Project researchers analyzed the DEM raster models produced by NCALM using ESRI’s ArcGIS Pro 2.7 to identify anthropogenic features based on their (typically rectilinear) geometry or previous ground identification. There is no ideal visualization for all areas of the study region [23,24,30,31,32,33]. Instead, we found moving between an array of visualizations produced with ArcGIS Pro and the Relief Visualization Toolbox (https://iaps.zrc-sazu.si/en/rvt#v (accessed on 1 March 2021))—including RRIM (red relief image map), Archaeological VAT, bonemapping, and variations on these [34,35,36,37]—aided in clarifying the geometry of features.

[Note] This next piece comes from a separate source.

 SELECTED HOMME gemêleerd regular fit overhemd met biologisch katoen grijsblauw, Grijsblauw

In areas with no significant forest canopy, canalized fields are more evident in rasters derived from the intensity of the first returns in the lidar point cloud, rather than visualizations of the DEM [38,39], as discussed in further detail below. Canalized fields have also been identified in adjacent areas beyond the limits of this lidar survey using Google Earth imagery, as discussed in greater detail below.
Google Earth also played a critical function in resolving questions concerning whether some features observed in the lidar data were modern or if they predate the current settlements established in the late twentieth century. Anthropogenic features of recent origin evident in the DEM—including roads, sites of mining, fence lines separating properties, and water impound features to support cattle—are often readily identifiable in Google Earth imagery, because of their spatial relationships to modern settlement or because exposed soil or bedrock show them to be recent features lacking the weathering and vegetation we expect of more ancient modifications. Further, the presentation of multiple years of data in Google Earth, often spanning decades, means that the creation of many modern landscape modifications can essentially be observed ‘in process’ over time and can thus be distinguished from more ancient transformations.

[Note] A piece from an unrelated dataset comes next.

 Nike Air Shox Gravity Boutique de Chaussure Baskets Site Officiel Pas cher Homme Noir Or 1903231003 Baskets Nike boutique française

Project members were each assigned sections of data falling within 1:10,000 scale map quadrants measuring ~5.9 km (east to west) by ~6.9 km (north to south) designated by Mexico’s Instituto Nacional de Estadística y Geografía (INEGI; https://www.inegi.org.mx (accessed on 18 June 2020)). INEGI map grid designations extend into Guatemalan territory and include the entire study area. Analysts placed a vector point on each identified feature, noting a confidence level of low, medium, or high. Once analysis of a quad was complete, that same section was assigned to a second and third analyst who reviewed the raster data and made any necessary adjustments to the attribute table. Golden, Scherer, and Schroder reviewed all files and finalized point assessments; all low- and medium-confidence points were removed, and only high-confidence points are included in this study.

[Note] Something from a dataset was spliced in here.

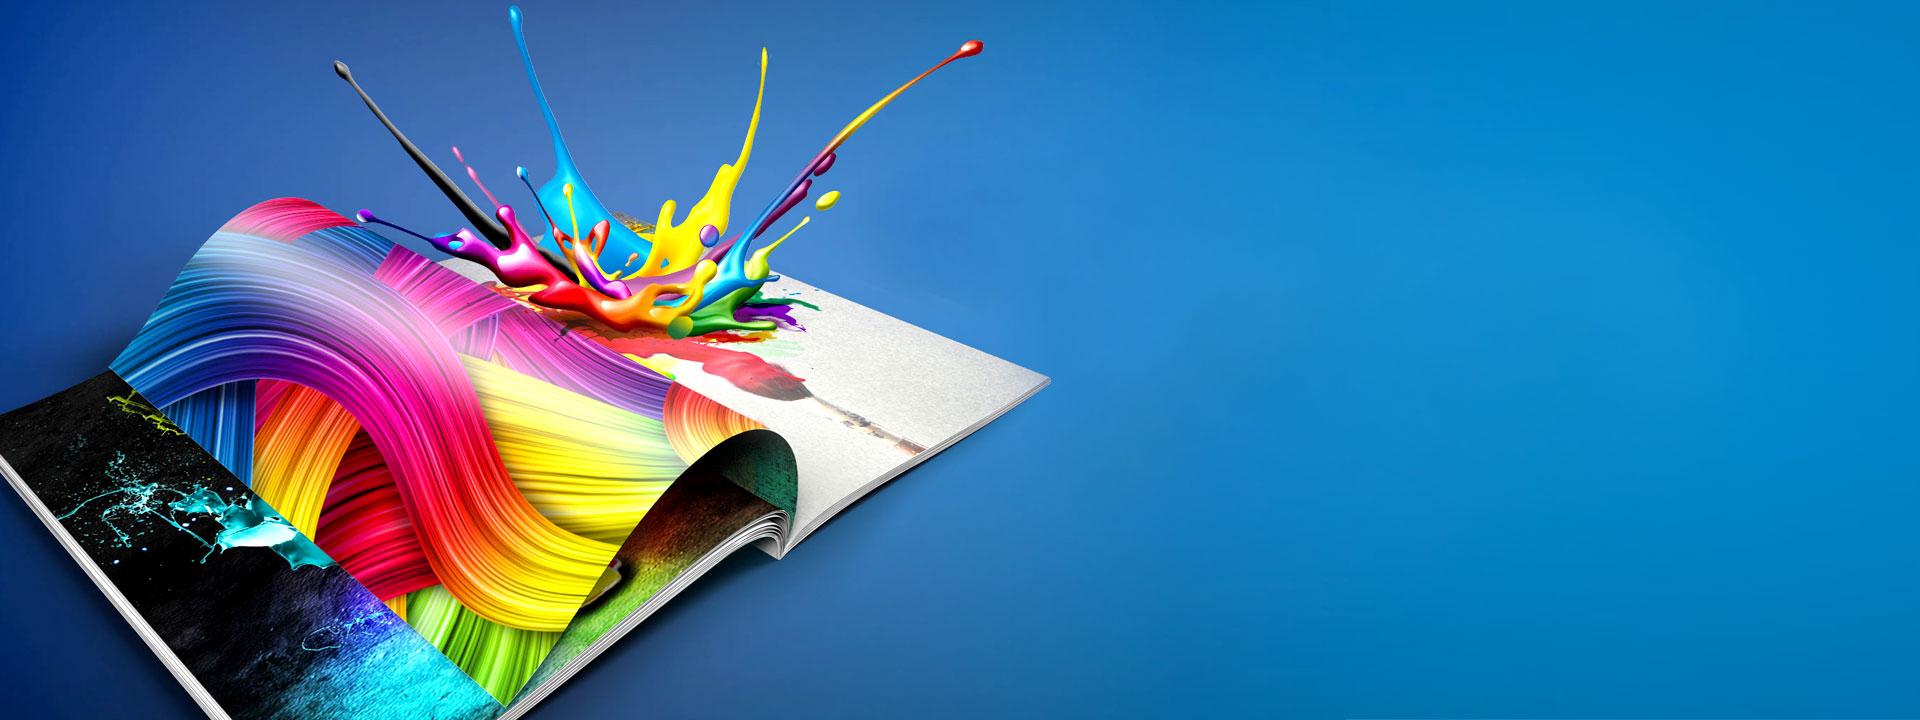 Imprimerie Color 01 : imprimer est notre métier

We cannot securely quantify the rate of false negatives or false positives from our analysis without additional ground verification. We know from ground research that some significant structures did not resolve well. Given the number of ground-verified points, our research experience in the field, our cautious approach to qualifying features as high-confidence, and the experience of other research teams in the Maya region e.g., [8,40,41,42], we anticipate that false negatives significantly outnumber the false positives in our sample. Based on comparable research, we believe it is likely that the smallest structures on the landscape are inordinately undercounted in our study [43].

3. Results

Our sample for this discussion is not human population but populations of features that we have identified as ancient constructions and landscape modifications. In total, project analysts identified 5217 structures with high confidence. Of these high-confidence structures, 1919 (36.8%) are ground-verified from prior survey research. We have a database of 1799 GPS points and associated documentation collected by researchers beginning in the late 1990s e.g., [44,45]. Some singular GPS points provide details on multiple anthropogenic features associated with those points and recorded in the course of field research; for instance a single GPS point may designate a group of buildings around a patio, and all of the features are considered ground-verified where substantiated by field notes. Some settlements have been previously mapped in whole or in part using total stations, tape-and-compass maps, or photogrammetry from drones. We consider such maps to be ground confirmation of the presence of structures identified in our analyses; they also reveal false negatives in some few cases. Pandemic restrictions on travel imposed by the authors’ universities during much of 2020 and 2021 largely prevented us from ground-verifying points since lidar data collection in 2019; however, we have been able to coordinate with local colleagues in Mexico to verify features provisionally identified in our data analysis, including those related to agricultural intensification (channeled fields and terraces). Finally, we assess some features as verified because they are visually obvious alongside highways to anyone transiting the region.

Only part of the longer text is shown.